In the data below, find the line that contains "Russia Claims US" and the line that contains "Frederic Remington, The". Copy both, plus every line between them, exactly.

_Source records:_
====

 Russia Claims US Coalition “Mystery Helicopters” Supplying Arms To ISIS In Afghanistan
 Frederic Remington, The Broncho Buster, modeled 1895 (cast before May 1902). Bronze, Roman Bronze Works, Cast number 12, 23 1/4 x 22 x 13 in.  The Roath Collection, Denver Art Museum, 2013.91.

====

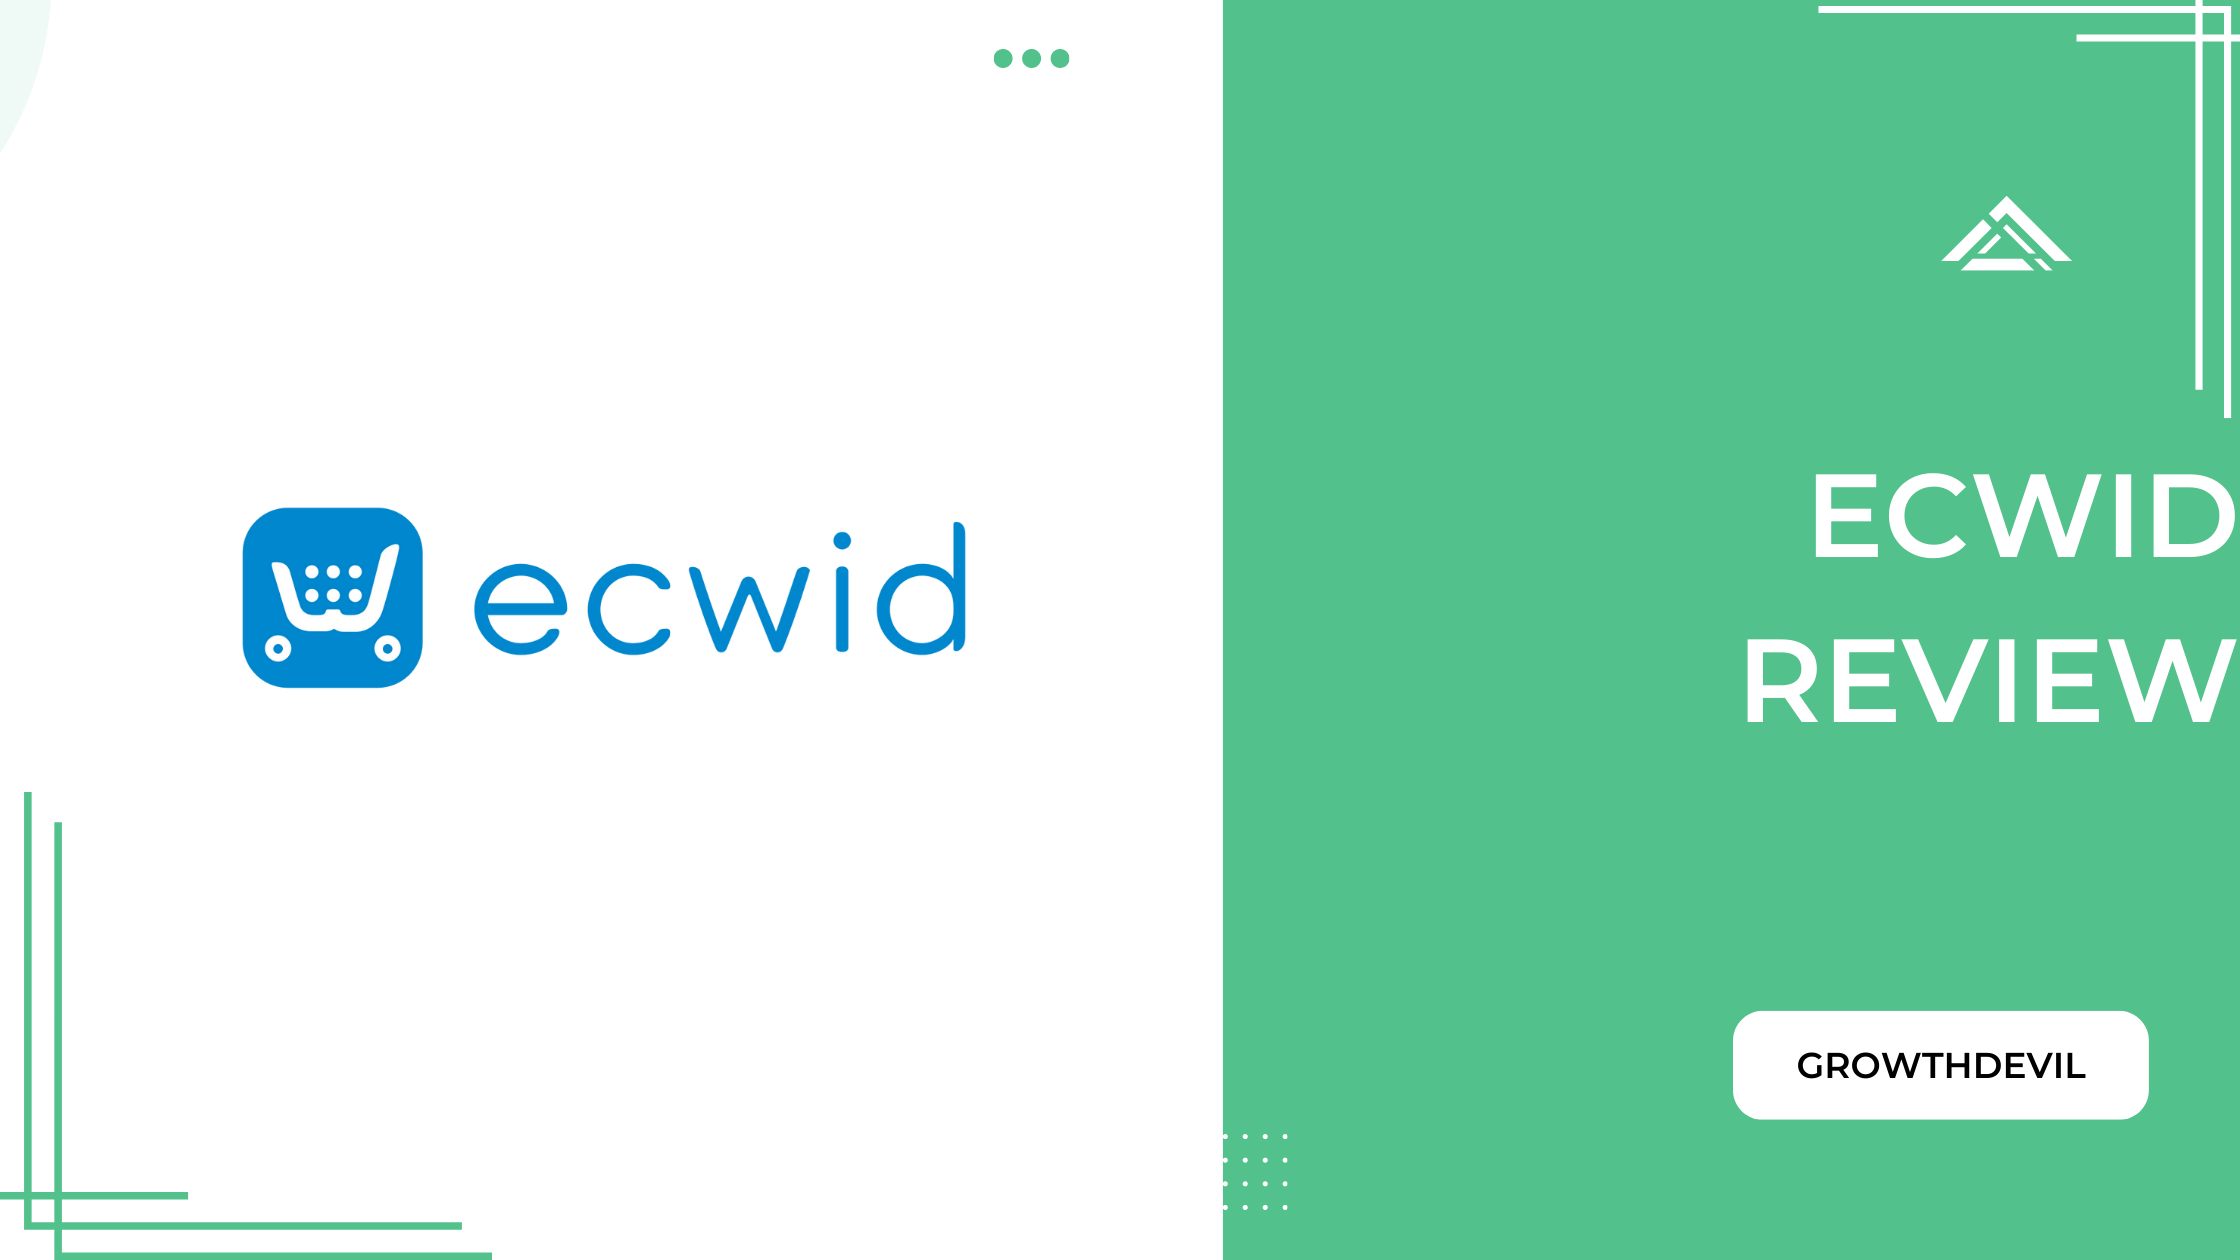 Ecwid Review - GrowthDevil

====

_Exercise output:_
 Russia Claims US Coalition “Mystery Helicopters” Supplying Arms To ISIS In Afghanistan
 Frederic Remington, The Broncho Buster, modeled 1895 (cast before May 1902). Bronze, Roman Bronze Works, Cast number 12, 23 1/4 x 22 x 13 in.  The Roath Collection, Denver Art Museum, 2013.91.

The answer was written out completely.